Shares of Symphony Limited saw an 8% decline, the largest since February 2025, following a consolidated net loss in the fourth quarter of FY26 due to significant impairment charges related to its Australian operations. The stock was trading 7.47% lower at Rs 725.5 during noon trade, marking an overall decline of 11% in the last month and 21% in 2026. It has fallen nearly 45% from its recent 52-week high of Rs 1,309.
Symphony reported a consolidated net loss of Rs 218 crore for the March quarter, a stark contrast to the Rs 79 crore net profit in the same period last year. The decline in profitability was primarily due to exceptional impairment charges associated with its Australian subsidiary operations. Revenue from operations also fell by 30.7% year-on-year to Rs 338 crore during the quarter.
The company’s operating performance faced significant pressure, with EBITDA dropping by 53.3% to Rs 50 crore from Rs 107 crore a year ago. The EBITDA margin narrowed to 14.8% from 21.9% during the same period.

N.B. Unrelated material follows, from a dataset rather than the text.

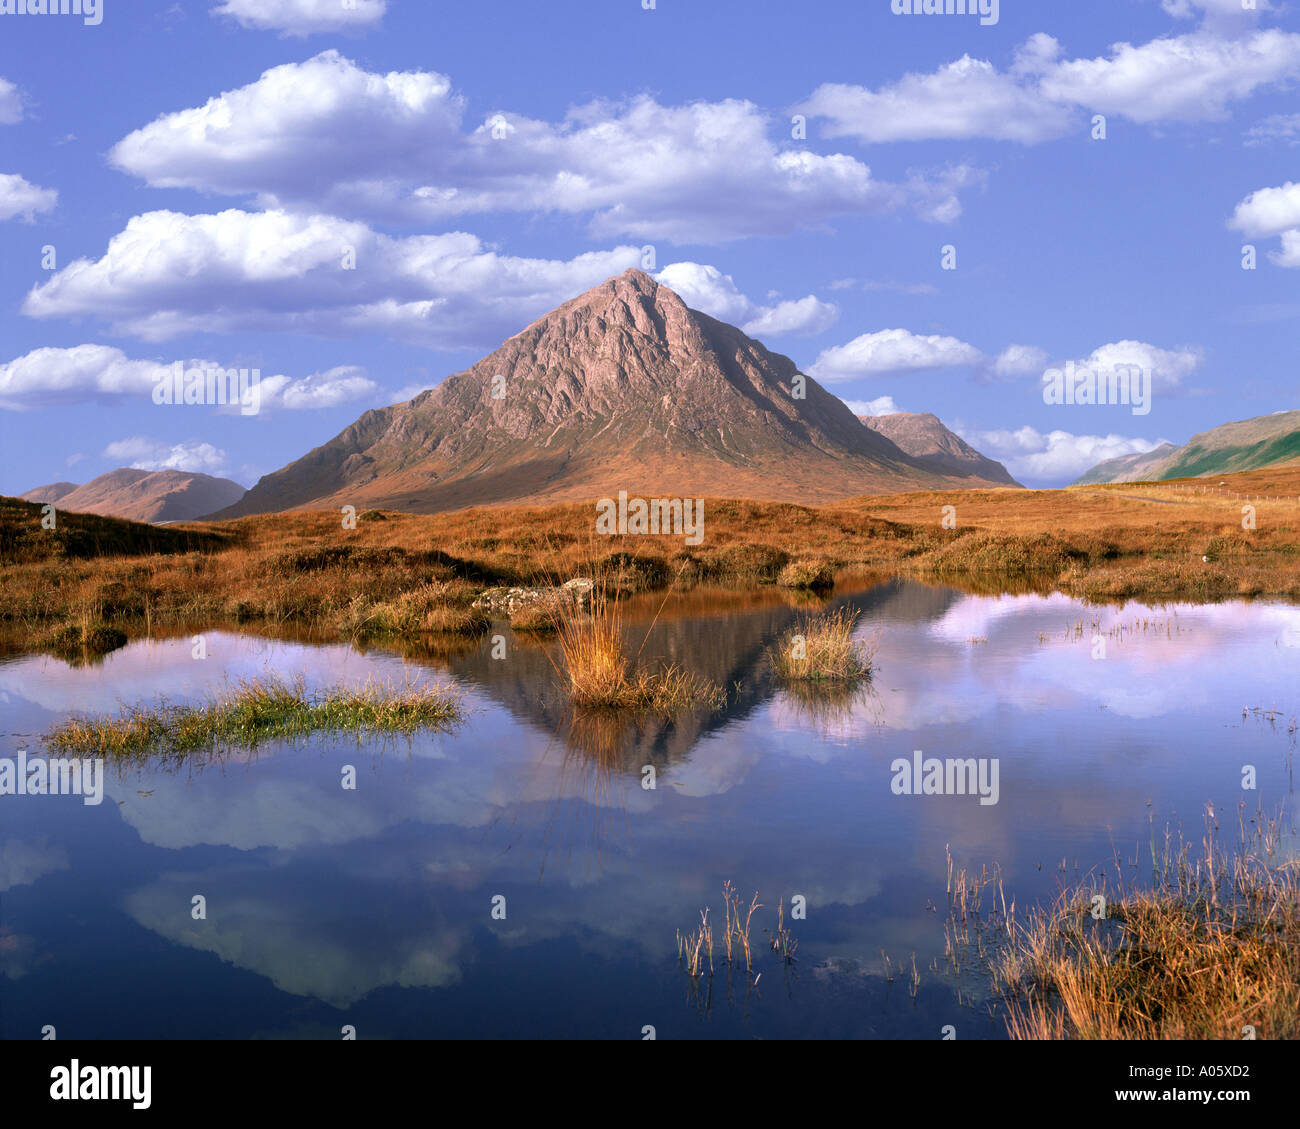 GB - Scozia: Buchaille Etive Mor nelle Highlands Foto Stock

Symphony acknowledged exceptional impairment charges during the quarter and the financial year ending March 31, 2026.
Symphony recorded an impairment of goodwill attributable to Climate Holdings Pty Limited, formerly known as Symphony AU Pty Ltd, amounting to Rs 173.09 crore. This impairment was a result of deteriorating business performance, profitability, and the failure to achieve expected business synergies despite management efforts, as stated in the company’s filing. The company’s performance in the quarter was affected by various challenges, including weather-related issues, geopolitical uncertainties, and operational problems across its international subsidiaries. However, the management noted that the subsidiary businesses performed relatively better than the standalone operations.